整个花店,安静得能听到心臟狂跳的声音。
店长拿著笔的手,抖得像是得了帕金森,那几个字,他感觉重若千钧,怎么也落不下去。
这哪里是輓联,这分明就是用最恶毒的语言,写下的一封催命符!
陈梦辰的太阳穴突突直跳,她一把將龙飞扬拽到旁边,压低了声音,几乎是从牙缝里挤出话来。
“你是不是疯了?!”
“我只是提前把悼词给他们准备好,免得到时候手忙脚乱。”龙飞扬一脸无辜地摊开手,“你看我多贴心。”
“贴心?”陈梦辰气得胸口起伏,“你这是在往烧开的油锅里倒水!你知不知道这样做的后果是什么?”

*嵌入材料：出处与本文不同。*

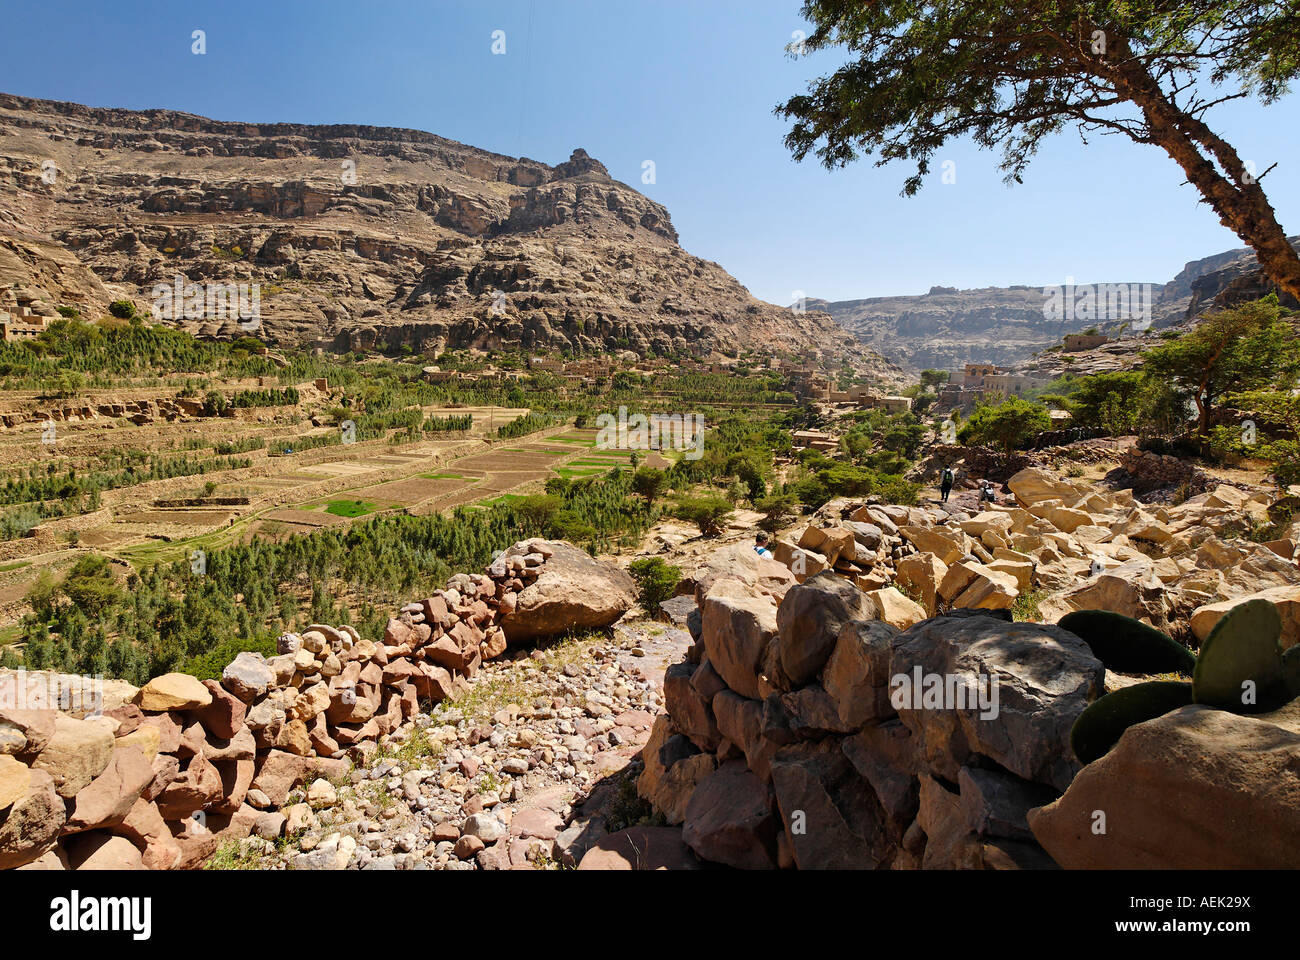 Qat plantation in the jemenian mountains, Yemen Stock Photo
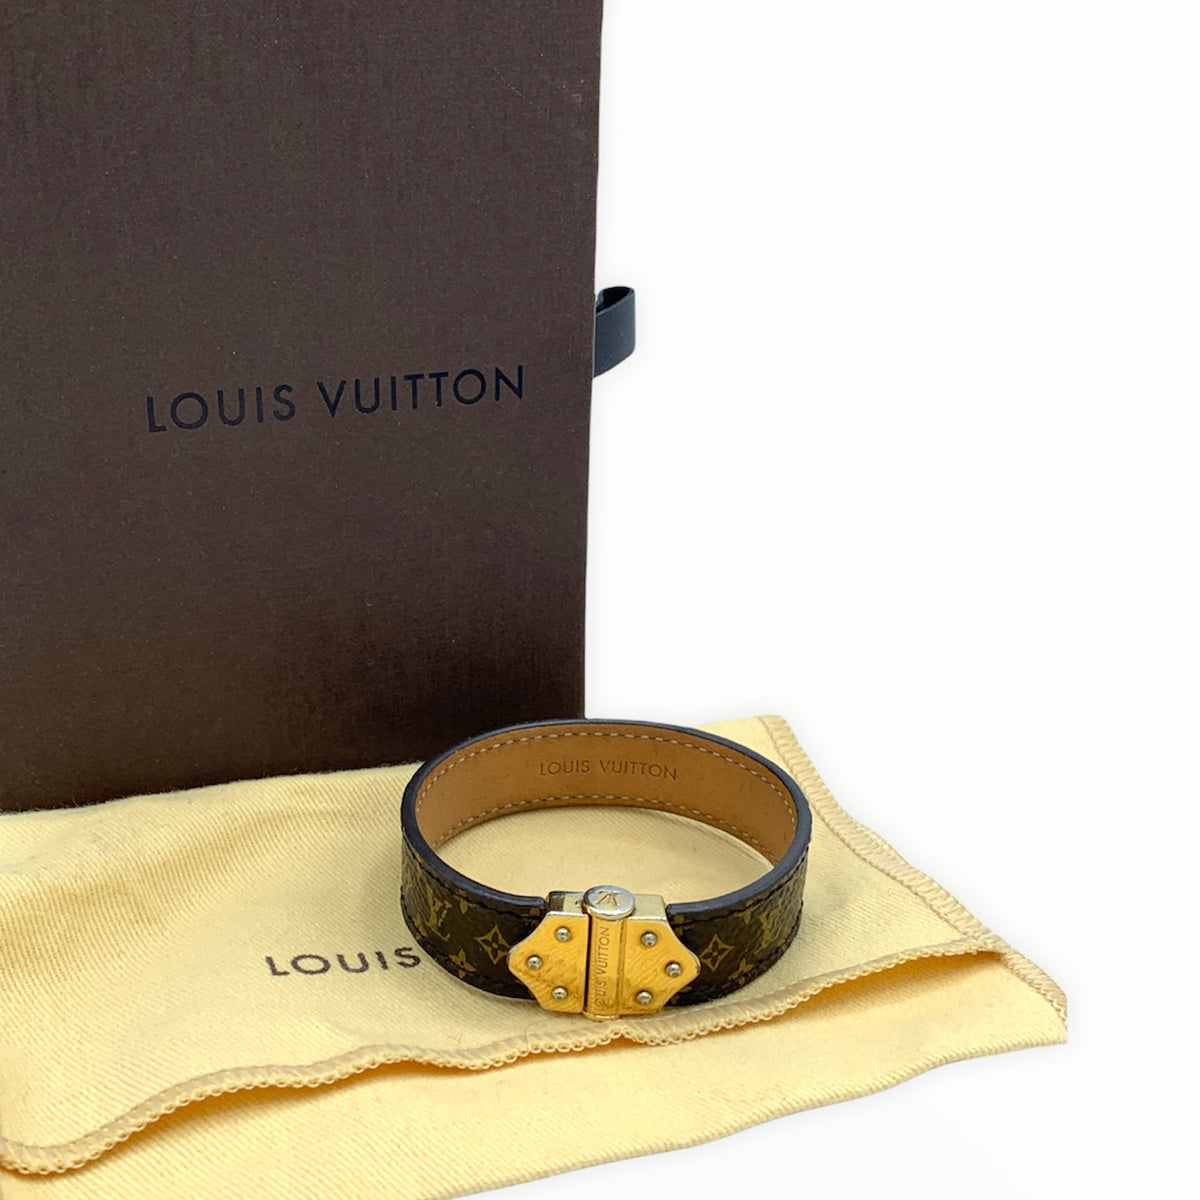 Sold at Auction: Louis Vuitton, LOUIS VUITTON Armband NANO MONOGRAM.

“后果?”龙飞yaml咧嘴一笑,那口白牙在花店明亮的灯光下,显得有些森然。
“后果就是,今晚之后,华海再无姜家。”
他的话语轻描淡写,却带著一股不容置疑的霸道。
陈梦辰彻底说不出话来了。
她看著眼前这个男人,穿著她亲手挑选的顶级西装,说著最囂张狂妄的话,做著最匪夷所思的事。
理智告诉她,这人是个疯子,一个彻头彻尾的疯子。
可內心深处,却有一股莫名的情绪在翻涌。
那是一种,前所未有的……安全感?
“愣著干什么?”龙飞扬没再理会她,转头看向那个快要哭出来的店长,“写啊。”
“先生……我……我们这……”店长都快哭了,这单生意他不敢接啊,这要是让姜家知道了,他这花店明天就得变成一片废墟。
龙飞扬像是看穿了他的心思,也不为难他。
他从店长手里拿过笔,龙飞凤舞地在那白色的輓联上写下了那几行字。
他的字跡,苍劲有力,铁画银鉤,带著一股扑面而来的杀伐之气。
写完,他將笔一扔,把那张黑卡拍在柜檯上。
“花圈,輓联,加你们的精神损失费,隨便刷。”
“另外,找两个胆子大的伙计,一个小时后,准时把这个花圈送到一品阁。就说,是我龙飞扬送给姜家的奠仪。”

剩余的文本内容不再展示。